I will get much more in depth in a week or so but right off the bat they are stunning. Beautiful construction, excellent terminals and a gorgeous glass fiber/ carbon fiber cone. They have quite a bit of heft and the steel ring around the face is a nice touch to help from distorting the basket on installation.

I can tell you my friend is very upset at spending so much on his 3-way Focal K2 Power setup that I had installed only an hour earlier. He hoped in my truck, listened to the speakers and then swore at me and gave me the finger while shouting "Not one day! Not one day am I allowed to have the better sounding system!" LMAO!

Here are some pics.


----------



## danzell (Jan 25, 2015)

Hot damn that looks nice!

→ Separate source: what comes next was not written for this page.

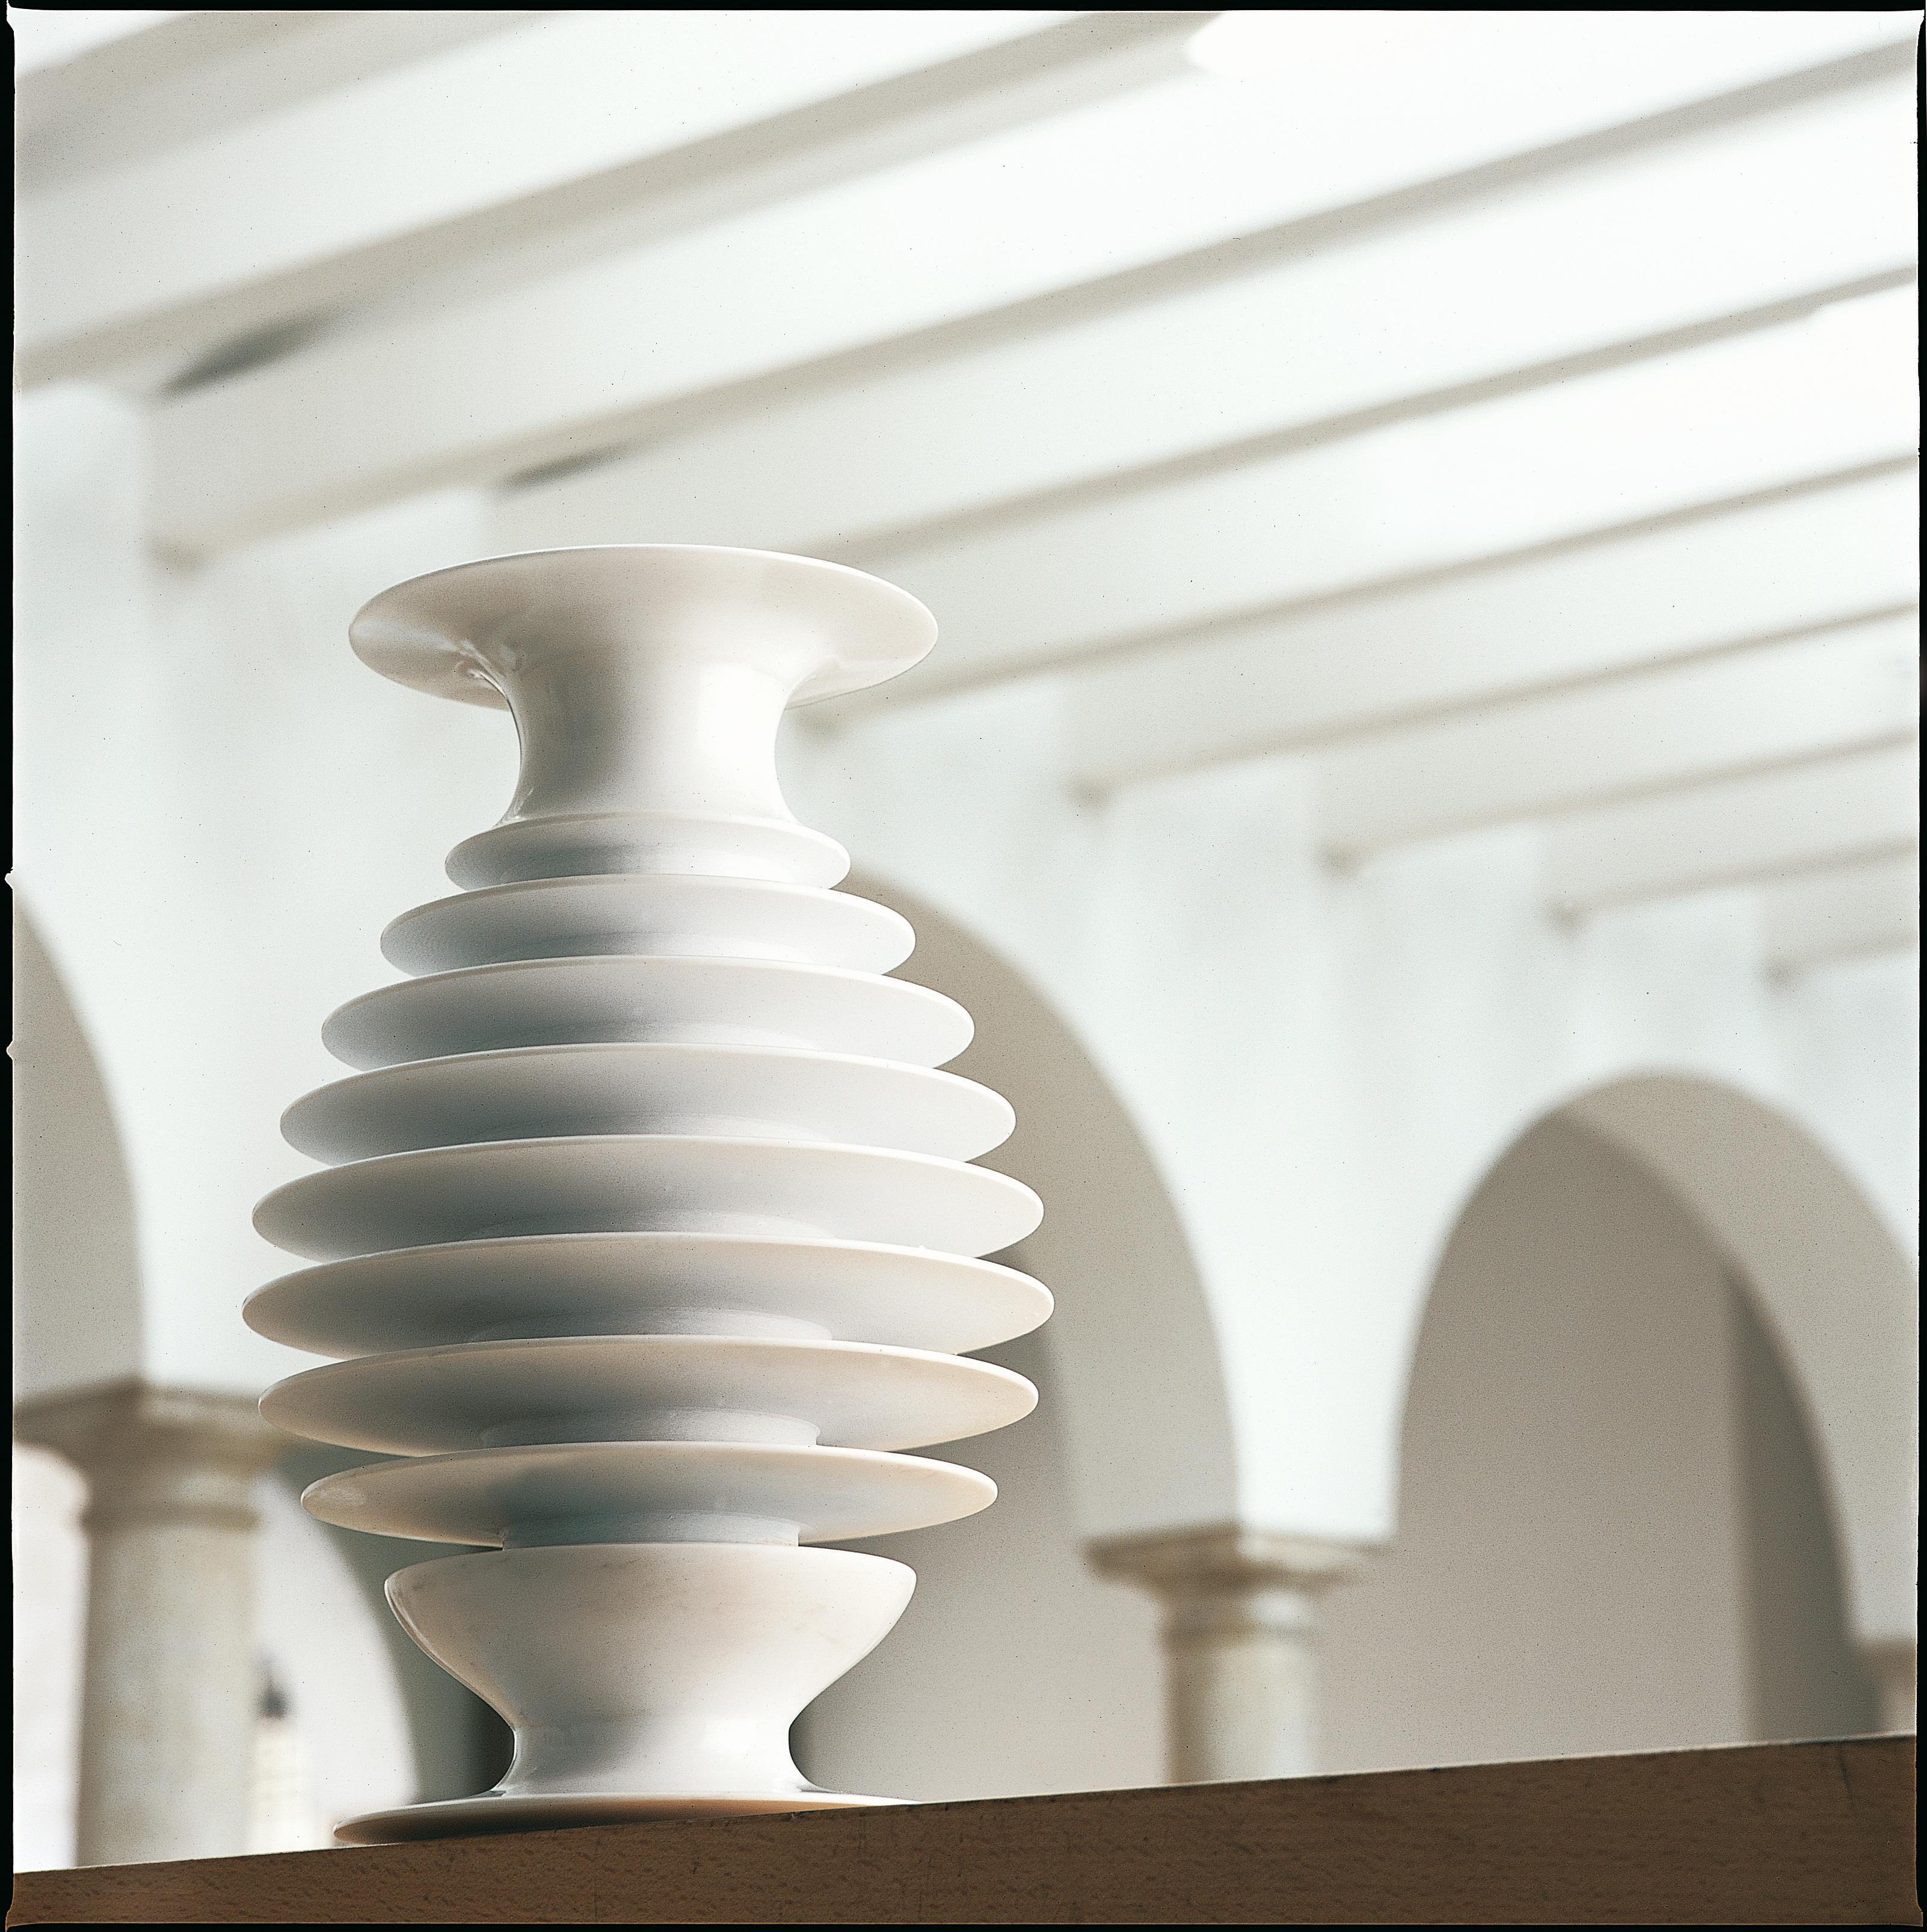 Ittio vase in Bianca Carrara marble designed by the Davani Group & Kreoo.

In for your thoughts on the sound.


----------



## deeppinkdiver (Feb 4, 2011)

I cannot wait, mine will be here tomorrow!! Yipee!!

Glad to hear that you are loving these Bill!


----------



## WhiteL02 (Jul 25, 2014)

Very nice... How much?


----------



## LaserSVT (Feb 1, 2009)

Lots LOL.

The Grandioso are:
2-way set with crossovers: $6,600
CF25T Tweeters: $2,200
CF165W Woofers: $2,950

The Maestoso are:
2-way set with crossovers: $1,980
T25T: $580
T165W: $950


----------



## LaserSVT (Feb 1, 2009)

I did get to A/B them yesterday with couple other mids. Not very scientific but I have a mono hi-def copy of Robert Plants "In The Mood" and ran the Sinfoni on the right and the TM65 on the left. All I had to do was mute one side and switch back and forth. I then swapped the SI for a Focal K2 Power and did it again. I then tried a Dayton Classic and my single Esotar that has an ugly cone. Cone got a scratch in it so I got it for free. Does not seem to change its sound signature as I have heard a couple Esotars in the last month.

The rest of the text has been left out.